Following on from my review of the previous version of this paper (review 4) I will proceed to make some comments related to how the points that were raised there have been addressed by the authors of the paper.

In the previous review a first issue was highlighted with the evaluation strategy, where the two strategies being compared produced different objects, one a materialised KG, the other the triples of the modified members, and as such could not be meaningfully compared. The authors have taken on board this point and have proceeded to expand their evaluation to include an interpretation step, using SPARQL UPDATE queries, at the end of their CHANGE strategy that now yields a materialised graph.

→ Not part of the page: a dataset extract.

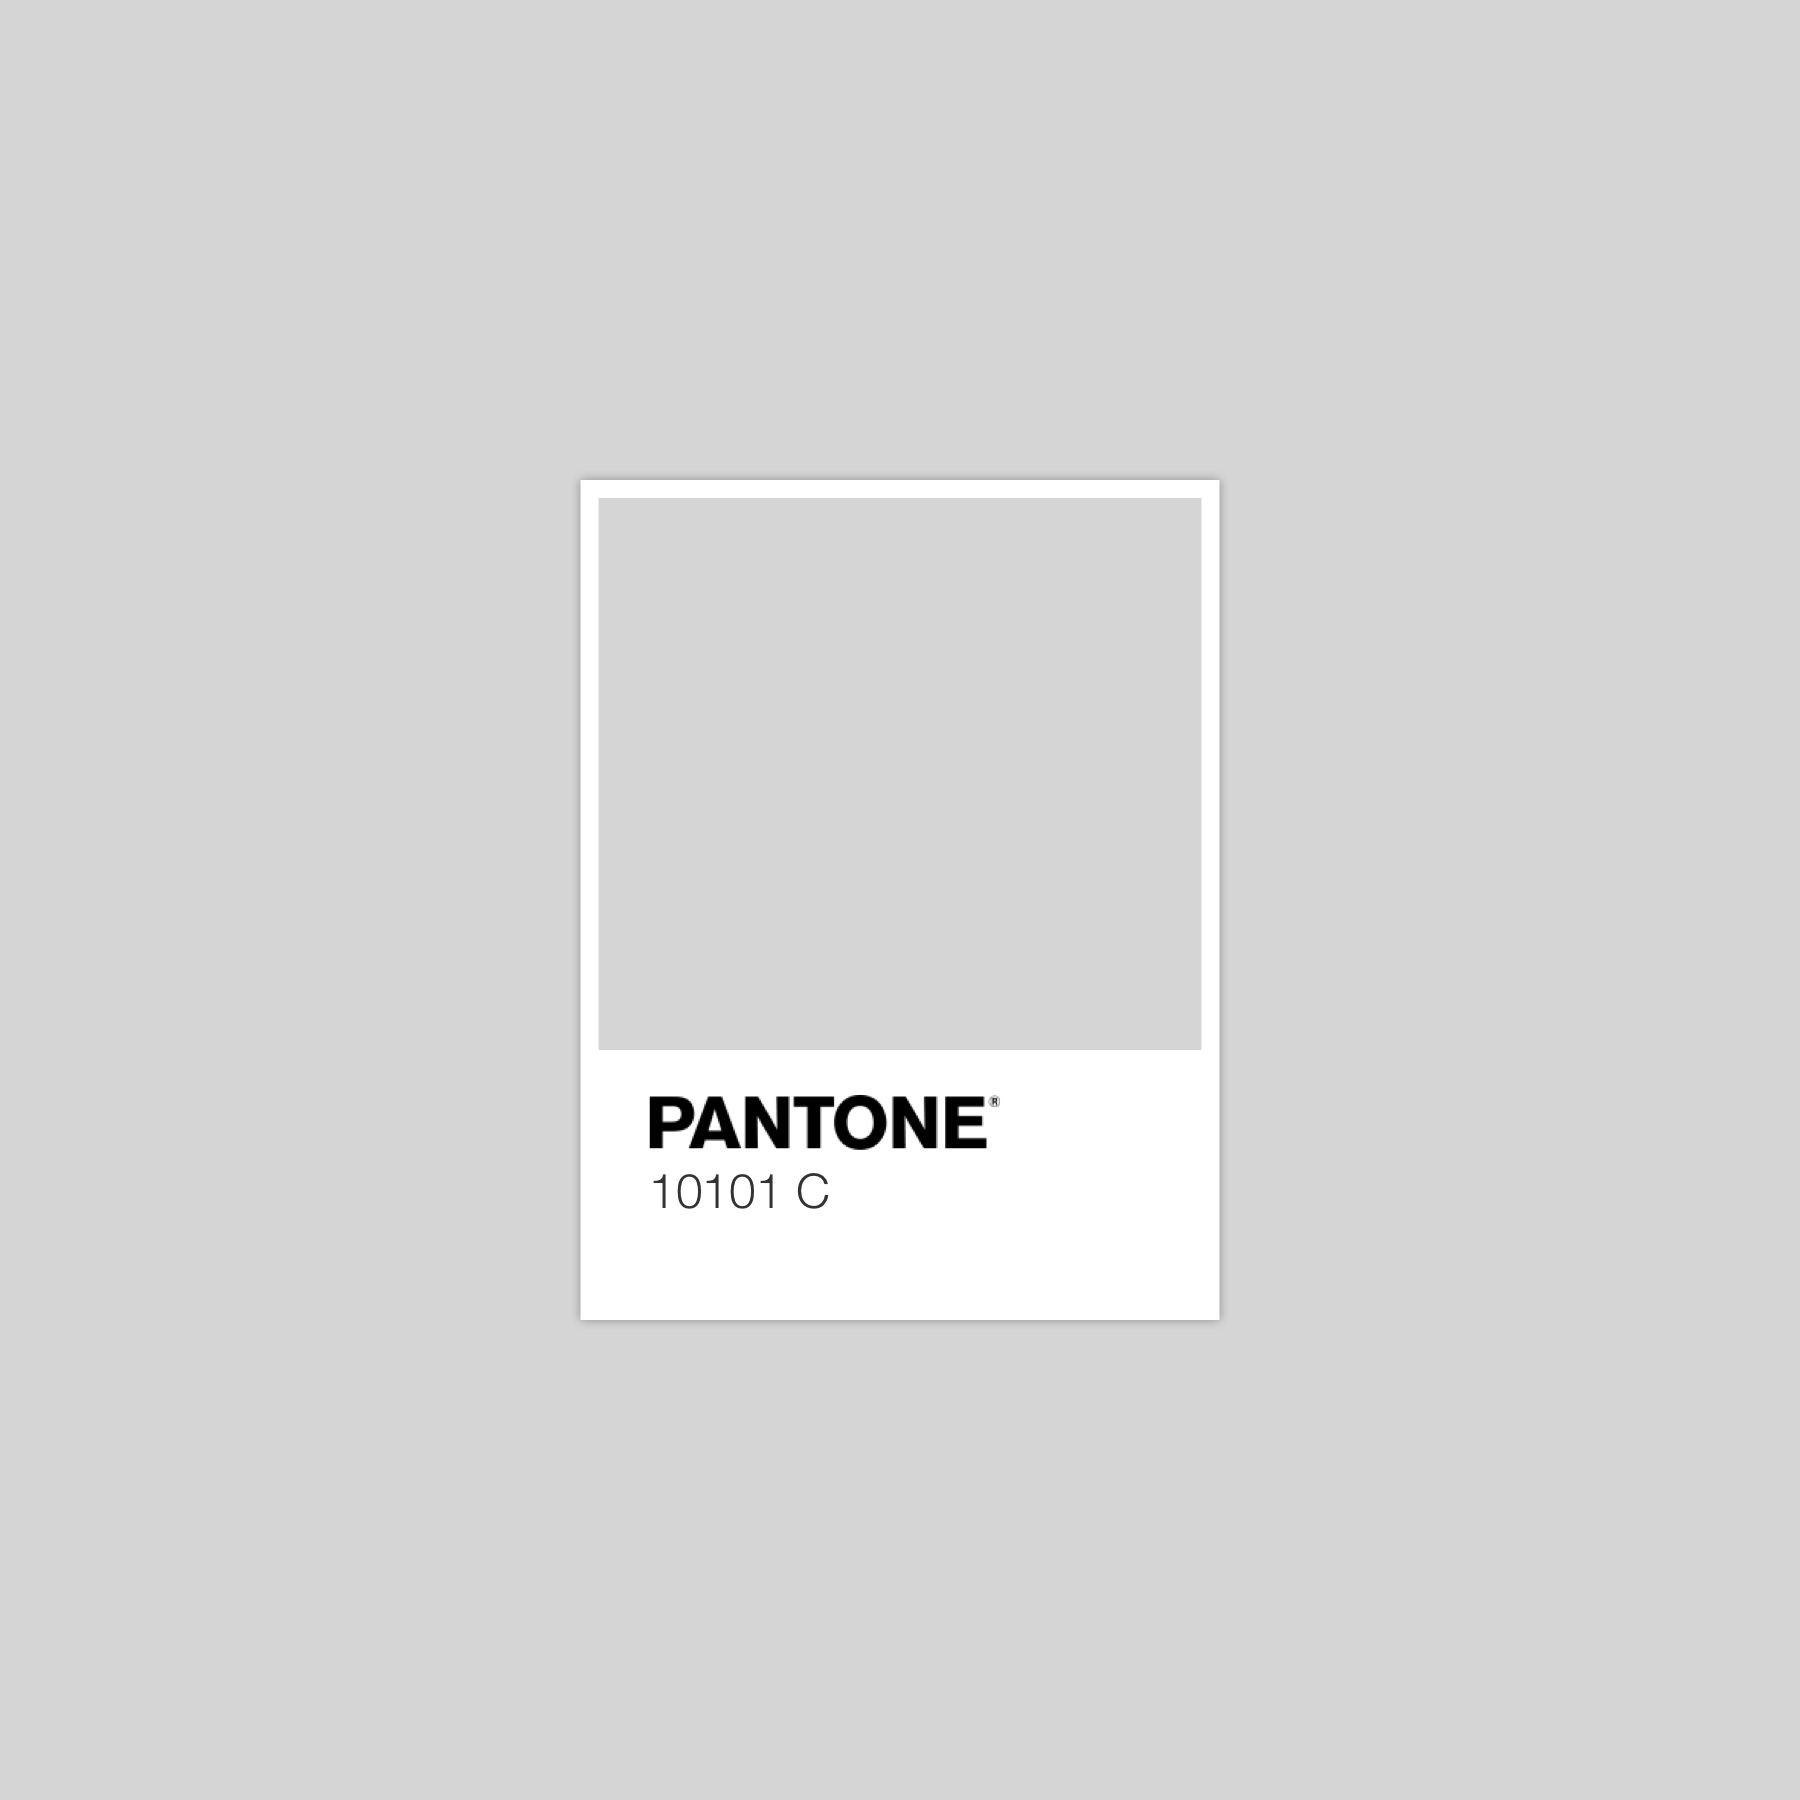 Pin By Rachel Ramsower On Fpd Project Pantone Colour Palettes Pantone Color Beige Color Palette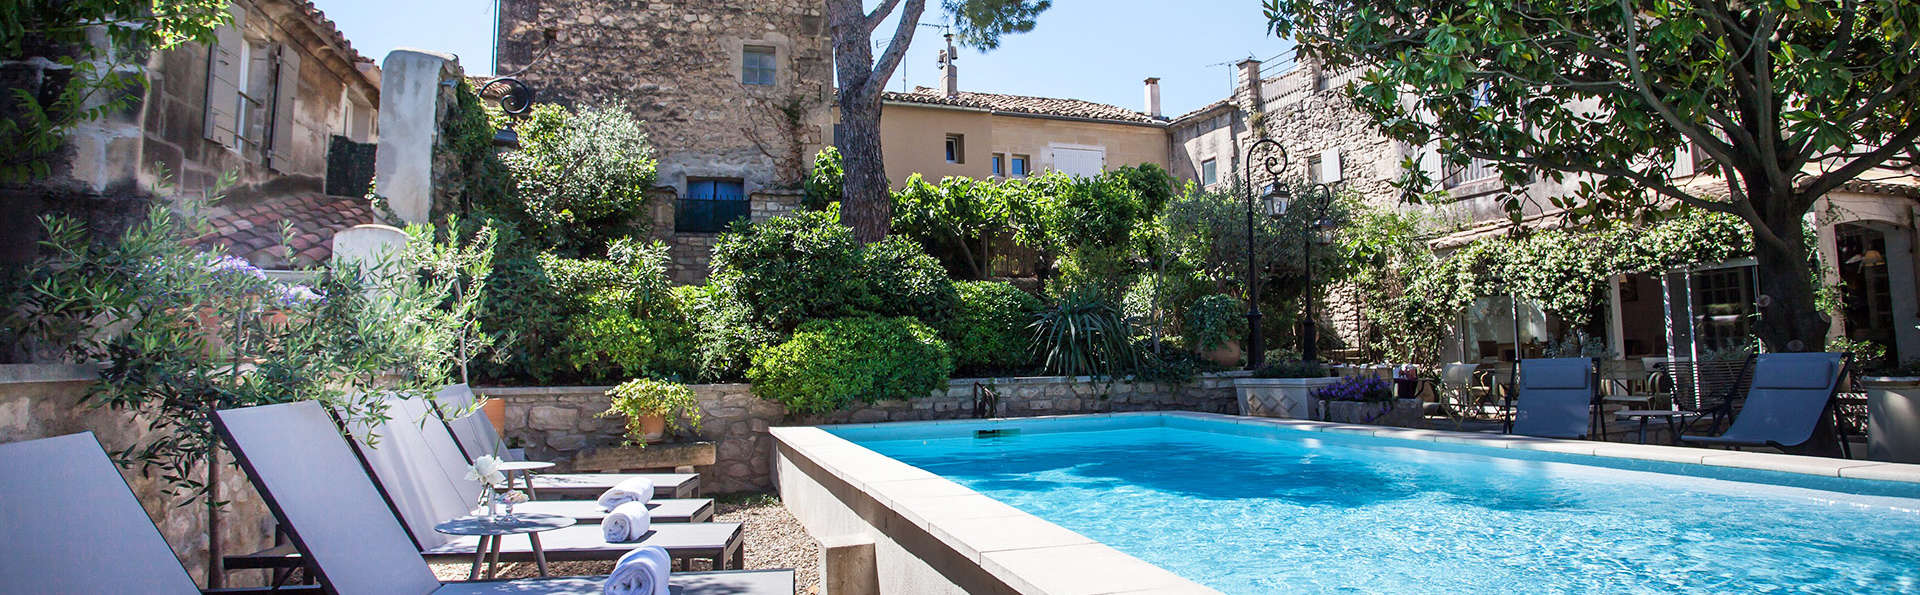 Villa Regalido - EDIT_pool3.jpg

I am however not really convinced by this approach that they have taken and I think that there might have been some confusion which I’m going to try to clarify.
The point of highlighting that the pipelines produced different objects and as such there was not a ‘like for like’ comparison was that it meant that the results produced (especially the new ratios now introduced) could be called into question. But I’ve noticed that the same tables and figures (tables 6-11 and figures 4-6) from the first version were simply reproduced now under the header of a ‘functional evaluation’.
What I was expecting though, was to see exactly what the authors have done for the ‘functional evaluation’, with the same kind of tables and figures, but with the numbers measured using the CHANGE strategy that included the ‘interpretation step’ that they use in section 7.4.

In this last section (7.4), for example, the authors begin by saying that “we also put this into practice by ingesting the real-world datasets, via SPARQL UPDATE queries, into a Virtuoso triplestore” (p. 28), but this should have actually been the evaluation, not putting something into practice. Following from this I would also ask the authors whether doing the reconciliation step via the Virtuoso triplestore was a choice or a necessity, especially given the reported limits that this appears to introduce and how I think these stand in contradiction with the claims that the authors have made about “real-world applicability, usage and impact” (p.29) of their CHANGE strategy.
Can the two graphs (from the two strategies) not be materialized offline and the same metrics as the functional evaluation be used (i.e. execution time, peak memory, initial storage, etc.) to produce updated figures and tables?

The way that the authors have addressed the other points raised in the first review are satisfactory.